Правда, помимо Сокольей, существовало еще одно место, непохожее на другие, там тоже случалось кое-что пережить и услышать, а не то и заблудиться на темных чердаках и в необычайных помещениях. Это была ближняя большая дубильня, огромный старый дом, где на полутемных чердаках висели большие кожи, где в подвале таились прикрытые ямы и запретные проходы и где Лиза вечерами рассказывала ребятишкам свои чудесные сказки. Там было тише, уютнее и благоприличнее, нежели на Сокольей, но не менее загадочно. Работа подмастерьев в дубильных ямах, в подвале, в красильнях и на галереях выглядела странно и своеобразно, просторные тихие помещения зияли пустотой и казались столь же заманчивыми, сколь и зловещими, могучий угрюмый хозяин наводил страх и робость, словно людоед, а Лиза расхаживала по этому диковинному дому, будто фея, заступница и мать всем детям, птицам, кошкам и собачонкам, полная доброты, сказок и песен.
Вот в этом давно уже чужом мире витали теперь помыслы и грезы Ханса. Из своего огромного разочарования и безысходности он бежал в добрые минувшие времена, когда еще был полон надежд и мир открывался перед ним, словно громадный волшебный лес, таящий в своей дремучей глубине жуткие опасности, зачарованные клады и изумрудные дворцы. Он проник в эти дебри совсем чуть-чуть, но усталость сморила его, прежде чем начались чудеса, и он опять стоял у загадочно брезжущего входа, на сей раз как отверженный, в праздном любопытстве.

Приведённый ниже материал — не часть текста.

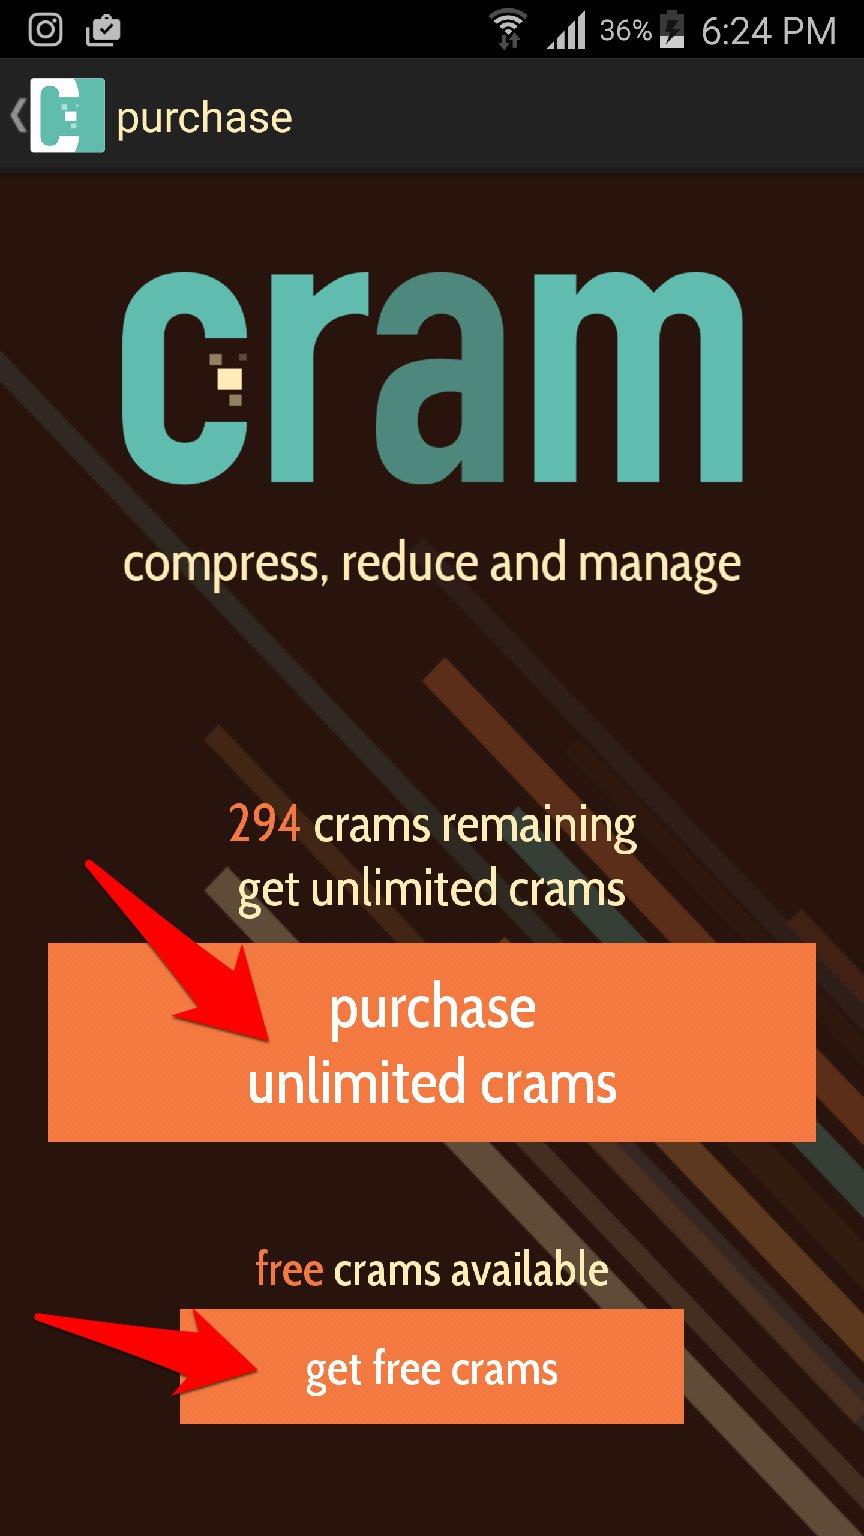 اضغط حجم الصور وقلله الى الضعف مع تطبيق Cram و حل مشكلة الذاكرة ممتلئة | بحرية درويد

Несколько раз он заглянул на Соколью. И нашел там давний сумрак и давний смрад, давние закоулки и мрачные лестницы; у дверей все так же сидели дряхлые старики и женщины, а чумазые белобрысые ребятишки, галдя, носились вокруг. Механик Порш еще больше состарился, не узнал Ханса и в ответ на его робкое приветствие глупо захихикал. Большой Йоханн, по прозвищу Гарибальди, умер, как и Лотта Фромюллер. Письмоносец Рёттелер пока что здравствовал. Пожаловался, что мальчишки сломали его куранты, предложил Хансу понюхать табачку, а затем попытался выпросить денег; под конец он рассказал про братьев Финкенбайн: один сейчас на сигарной фабрике и уже беспробудно пьет, как старик, второй после поножовщины, случившейся на ярмарке, скрылся, и вот уж год нет о нем ни слуху ни духу. Все это оставило у Ханса плачевное и жалкое впечатление.
А однажды вечером он зашел в дубильню. Что-то потянуло его пройти через подворотню и через сырой двор, словно в большом старом доме пряталось его детство, со всеми его утраченными радостями.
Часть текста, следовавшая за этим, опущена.